9 Artists Putting Austin Hip Hop on the Map

by Nick Hanover

Austin hip hop

Back in August, the Austin Chronicle put Quin NFN, The Teeta and Kenny Gee (now rebranded as WhooKilledKenny) on the cover, declaring the trio “the next generation of Austin hip hop,” celebrating them for their style and commercial prospects, as well as their ability to foster a scene of their own outside of the traditional Austin music community. This week, the top tastemakers at Pitchfork picked up that story, singling out Quin while offering a surface level exploration of Austin’s “emerging rap scene.” While the Pitchfork coverage is a major break for Austin hip hop, it barely scratched the surface of the exciting new wave of Austin hip hop acts, primarily sticking to other artists within that core trio’s community, and notably neglected to mention a single woman. This is why we’ve decided to offer up a primer of our own, adding to the artists the Chronicle and Pitchfork already mentioned in order to provide what we hope is a fuller overview of what has become one of the most exciting and diverse realms of Austin music, complete with a Spotify playlist for further exploration. 

LNS Crew

Comprised of Kydd JonesTank Washington, Cory Kendrix and producer Haris Qureshi, LNS Crew is one of the most promising collectives in Austin music period, taking a Wu-Tang approach to their careers as they join forces on group releases as well as solo material and side projects. Kydd is the most visible of the crew, a combination of RZA and Ghostface Killah, popping up on high profile tours with Chuck D and others, while churning out a remarkable amount of production work of his own. Tank occupies the Raekwon slot with incredibly strong, narrative driven solo albums while Kendrix, now based out of Denver, has evolved into a surprisingly adept electro R&B singer, consistently releasing solo material that positions him somewhere between Frank Ocean and the Weeknd. And Qureshi has become one of the most in demand producers in the city, providing beats for SertifiedAnastasia and outsiders like the LA-based Ike. With their ability to straddle classic and modern styles, LNS are perfectly situated for a major breakout.

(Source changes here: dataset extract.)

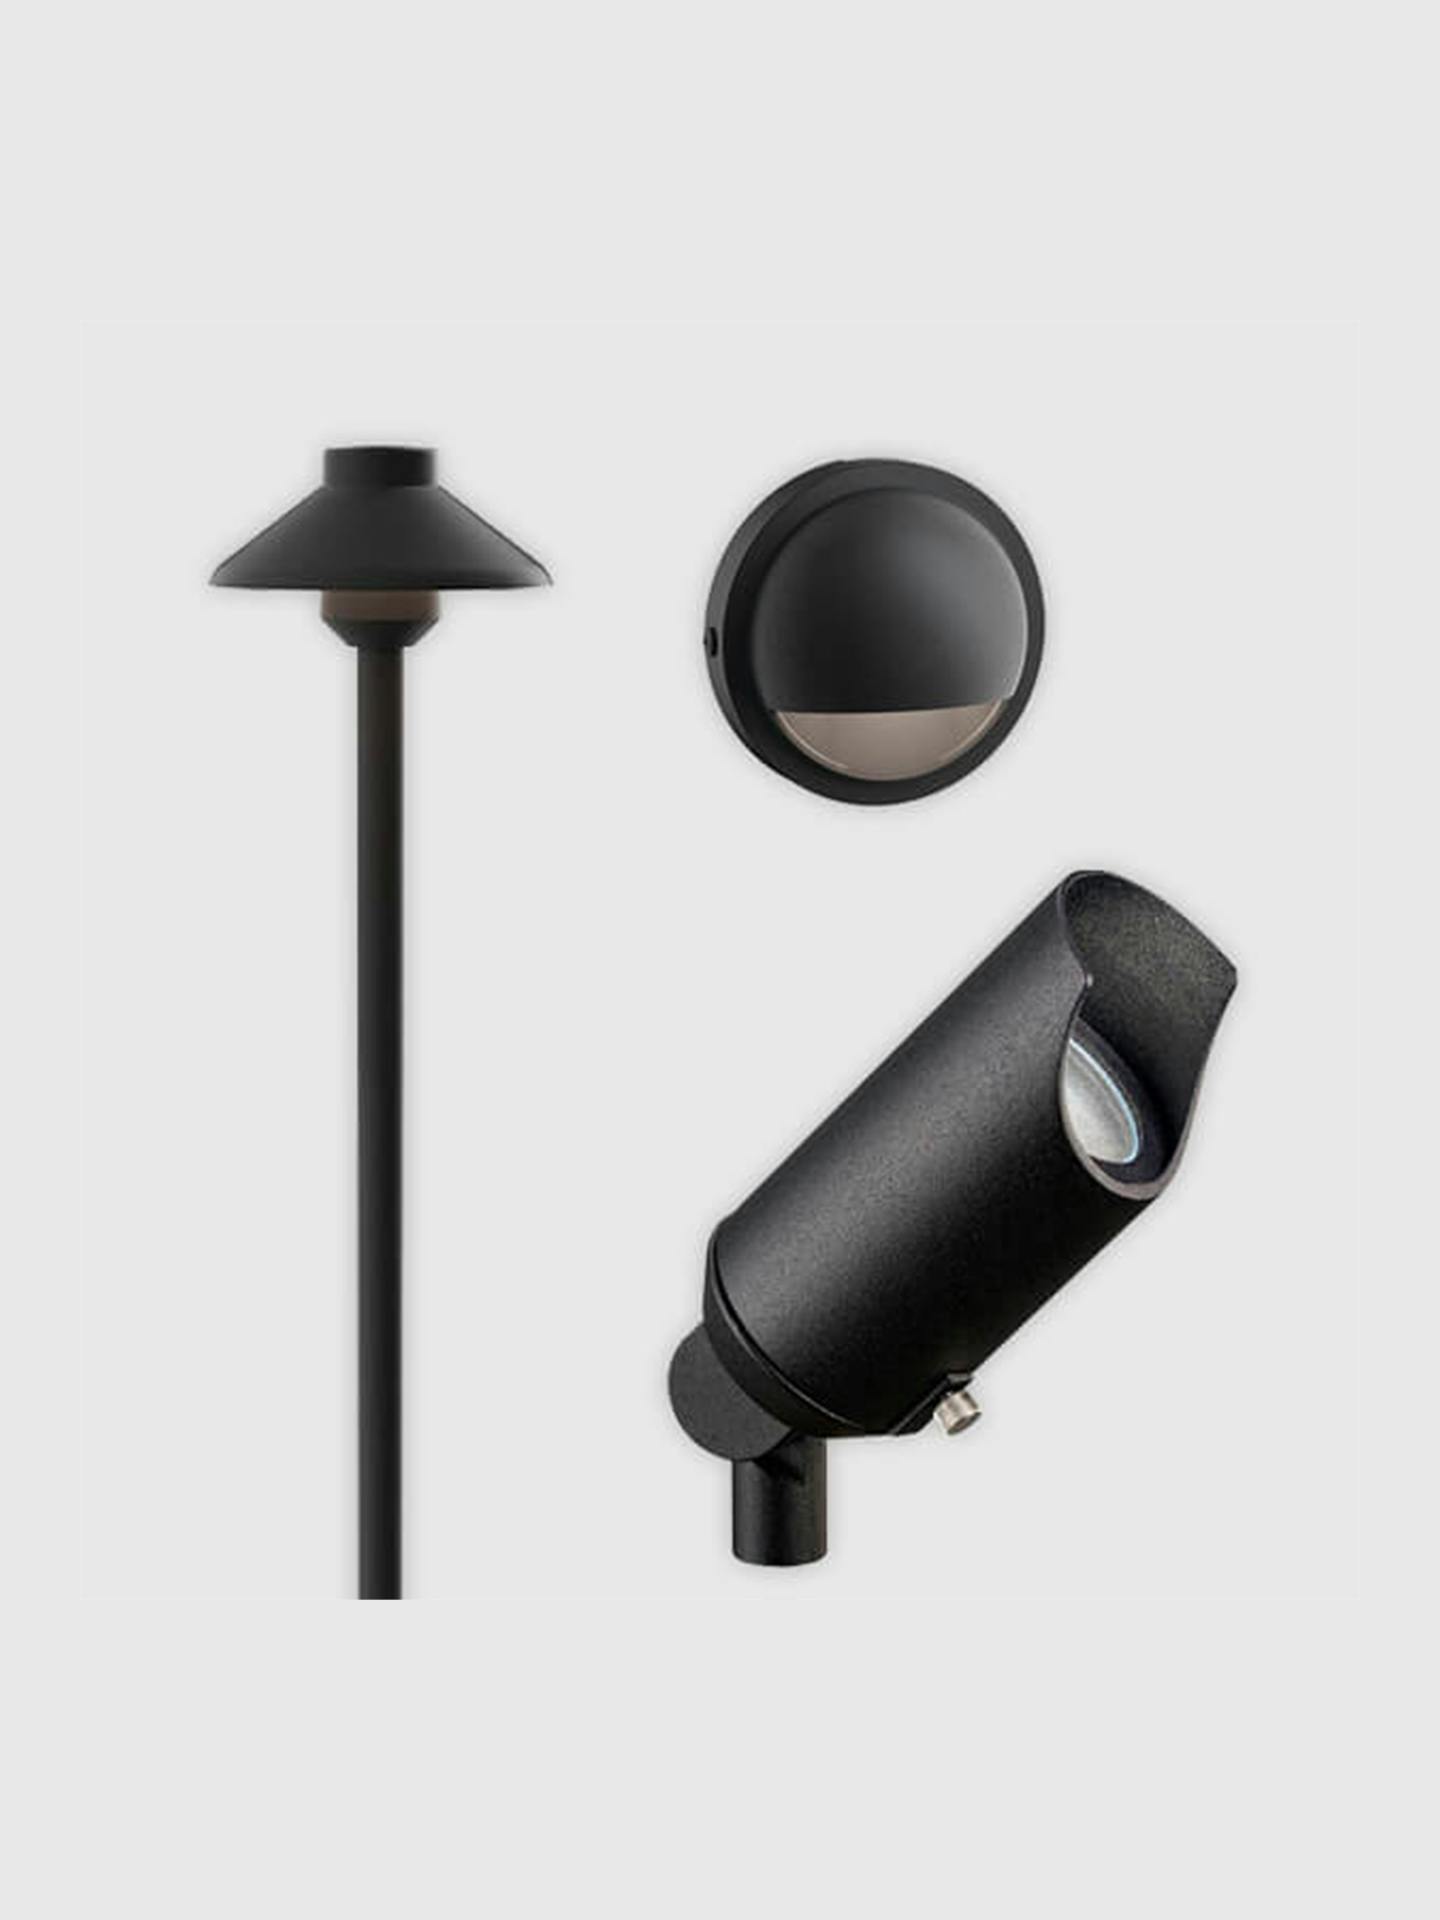 Variety of black finished path lights

Speaking of Anastasia (fka Anya), the absurdly talented emcee is long overdue for Pitchfork level coverage. With her bold style and unapologetically radical lyrics, Anastasia is in many ways a perfect foil for the hypermasculine club rap scene Pitchfork chose to single out. Equally capable of working in a throwback boom bap aesthetic, like last year’s “Capitol Bells” single, as she is with more synth and hook driven rap, such as on the superb “Black Girl,” Anastasia is a versatile and ambitious artist who has won over local critics and audiences at major festivals like SXSWSound on Sound and more. Listeners looking for the next Noname in particular should tune in.

Magna Carda

If you ask Austin audiences who comes to mind first when defining Austin hip hop, a large portion of them would likely respond “Magna Carda.” Austin’s answer to the Roots have built up a major fanbase both in the city and abroad with their thrilling live shows, an unrivaled combination of finely honed instrumental chops and verbal daredevilry courtesy of Megz Kelli. But as recent tracks like “Joccin'” prove, Dougie Do’s production is the group’s secret weapon, as likely to surprise you with sinister synth detours as it is to comfort you with jazzy expressionism. Perhaps more than any other local act, Magna Carda is the finest example of this city’s cornucopia of sounds.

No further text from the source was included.